The discovery of autoantibodies and their value as predictors of type 1 diabetes is making it possible to identify subjects for clinical intervention trials long before their ß cell reserve is lost. The majority of these ongoing and proposed trials (6, 29, 30) are designed to induce immunological tolerance or to suppress the immune response. These approaches are promising but face obstacles. The fact that there are three major autoantigens in type 1 diabetes makes it difficult to know whether one, two, or all three major autoantigens are needed to induce immunological tolerance. It is also uncertain whether there is a single triggering autoantigen and whether the development of the autoantibodies to secondary autoantigens results from epitope spread or a bystander response (see Wucherpfennig, this Perspective series, ref. 43). Indeed, despite innumerable studies, it is not absolutely clear whether autoimmunity in type 1 diabetes is the cause or the result of the disease process. It remains possible that a still-unrecognized combination of genes or environmental factors triggers the destruction of ß cells and that the autoimmune response is secondary to this process. Also of concern is the fact that 10–20% of newly diagnosed type 1 diabetes patients and an even higher percentage of African and Hispanic patients do not carry autoantibodies to any of the major autoantigens (7). These findings suggest either that the autoantibodies are present in very low titer or that other still-unidentified autoantigens are involved. Alternatively, a fraction of type 1 diabetes may not be autoimmune in nature (44). More precise information about the mechanisms involved in the pathogenesis of human type 1 diabetes is needed for designing effective clinical trials.

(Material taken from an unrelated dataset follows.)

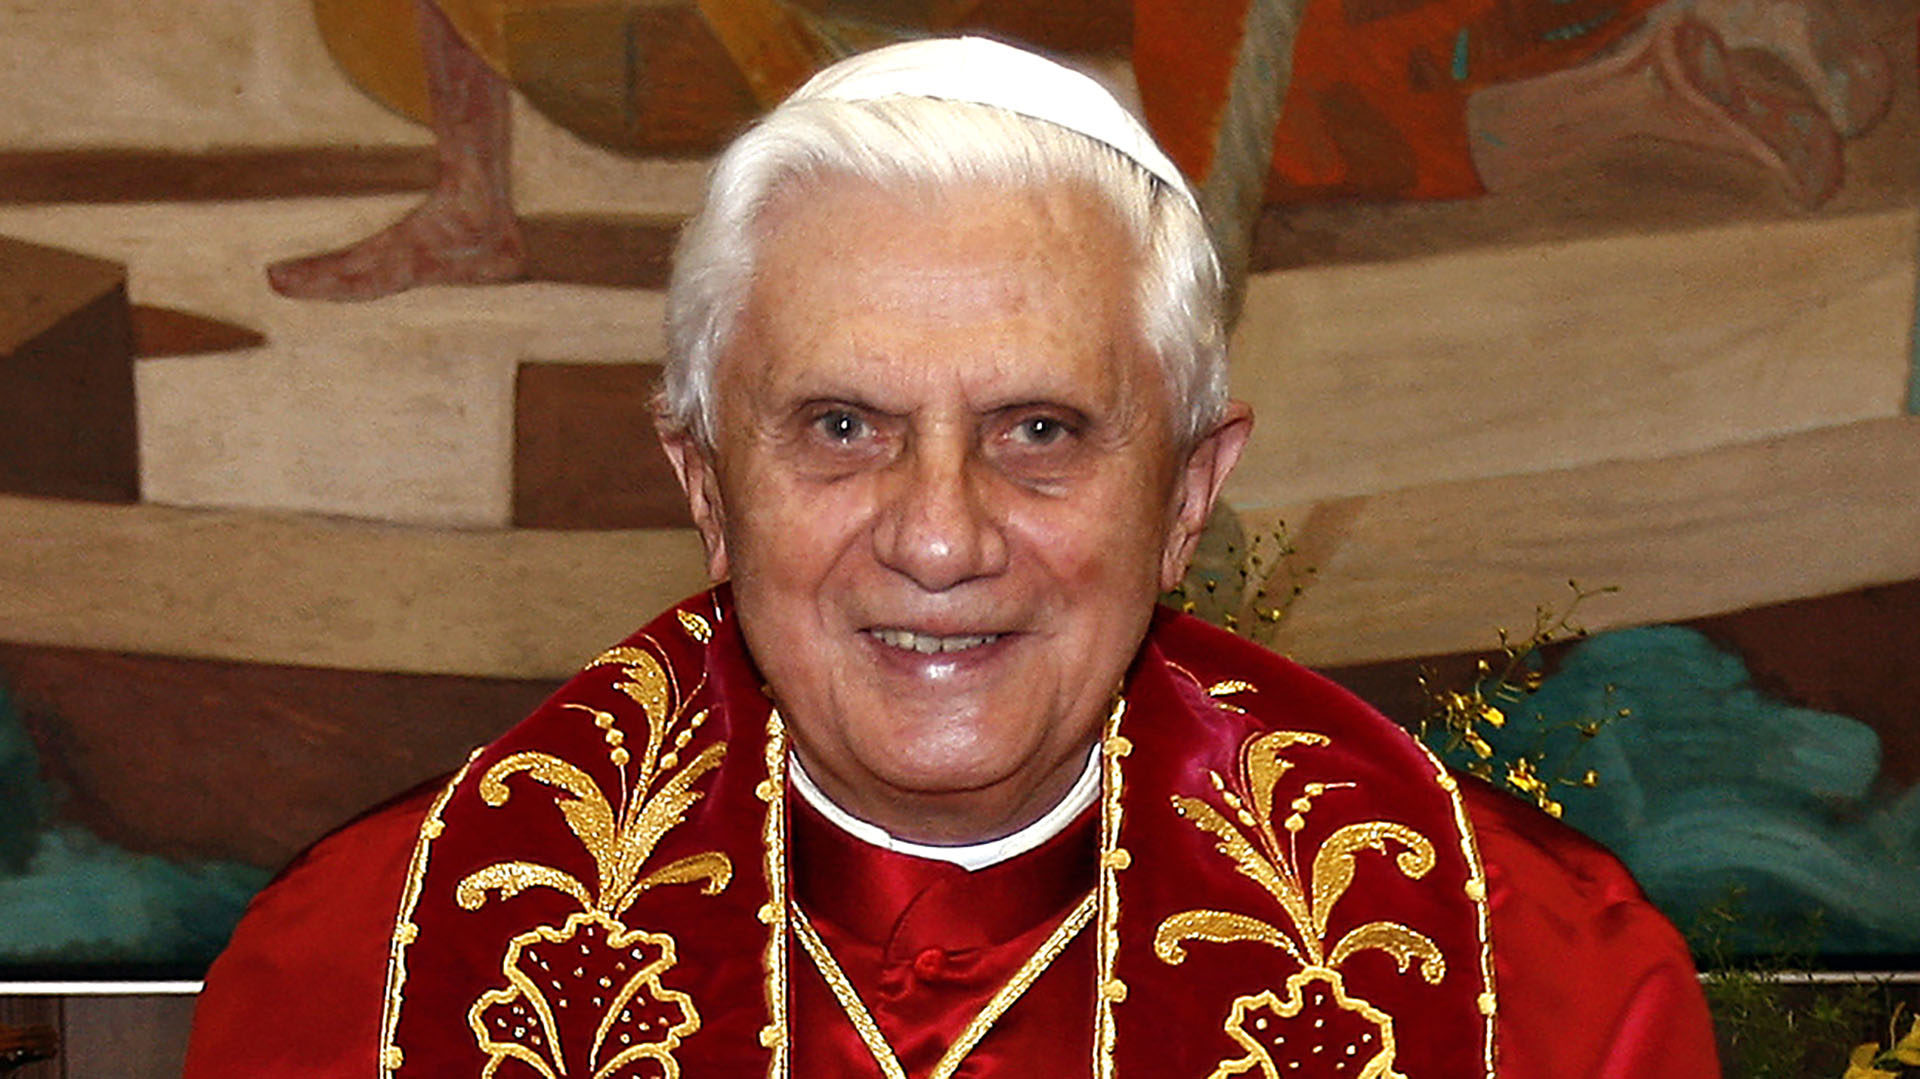 La biographie de Benoît XVI, paru en Italie le 30 août 2016, est signée par l’historien et théologien Elio Guerrerio et préfacée par le pape François. (Wikimedia Commons/Fabio Pozzebom/CC BY 3.0 BR)

AND ALSO: I had low c-peptides.
American Journal of Therapeutics - Abstract: Volume 11(4) July/August 2004 p 308-311 The Role of C-Peptide Levels in Screening for Latent Autoimmune Diabetes in Adults. (http://www.americantherapeutics.com/pt/re/ajt/abstract.00045391-200407000-00011.htm;jsessionid=FhYLBn1qQt646g6NgK2PkG1fR1K0m XqNcPSzBYtnD17XZ4TFpBQ2!-1640309041!-949856145!8091!-1)

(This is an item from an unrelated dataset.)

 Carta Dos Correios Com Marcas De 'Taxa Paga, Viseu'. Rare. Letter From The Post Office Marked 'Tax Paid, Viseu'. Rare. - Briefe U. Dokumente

The mean C-peptide level in the LADA group was 1.0 +/- 0.2 ng/mL and 5.1 +/- 0.4 ng/mL in the group with type 2 diabetes. Only 1 LADA subject had a C-peptide level above the normal range, and all subjects with type 2 diabetes had a C-peptide level within or above the normal range. LADA can be ruled out in adult-onset diabetes by the presence of elevated C-peptide. The more expensive testing for anti-GAD antibodies to definitively diagnose LADA should be reserved for patients who on screening have a low or normal random C-peptide level.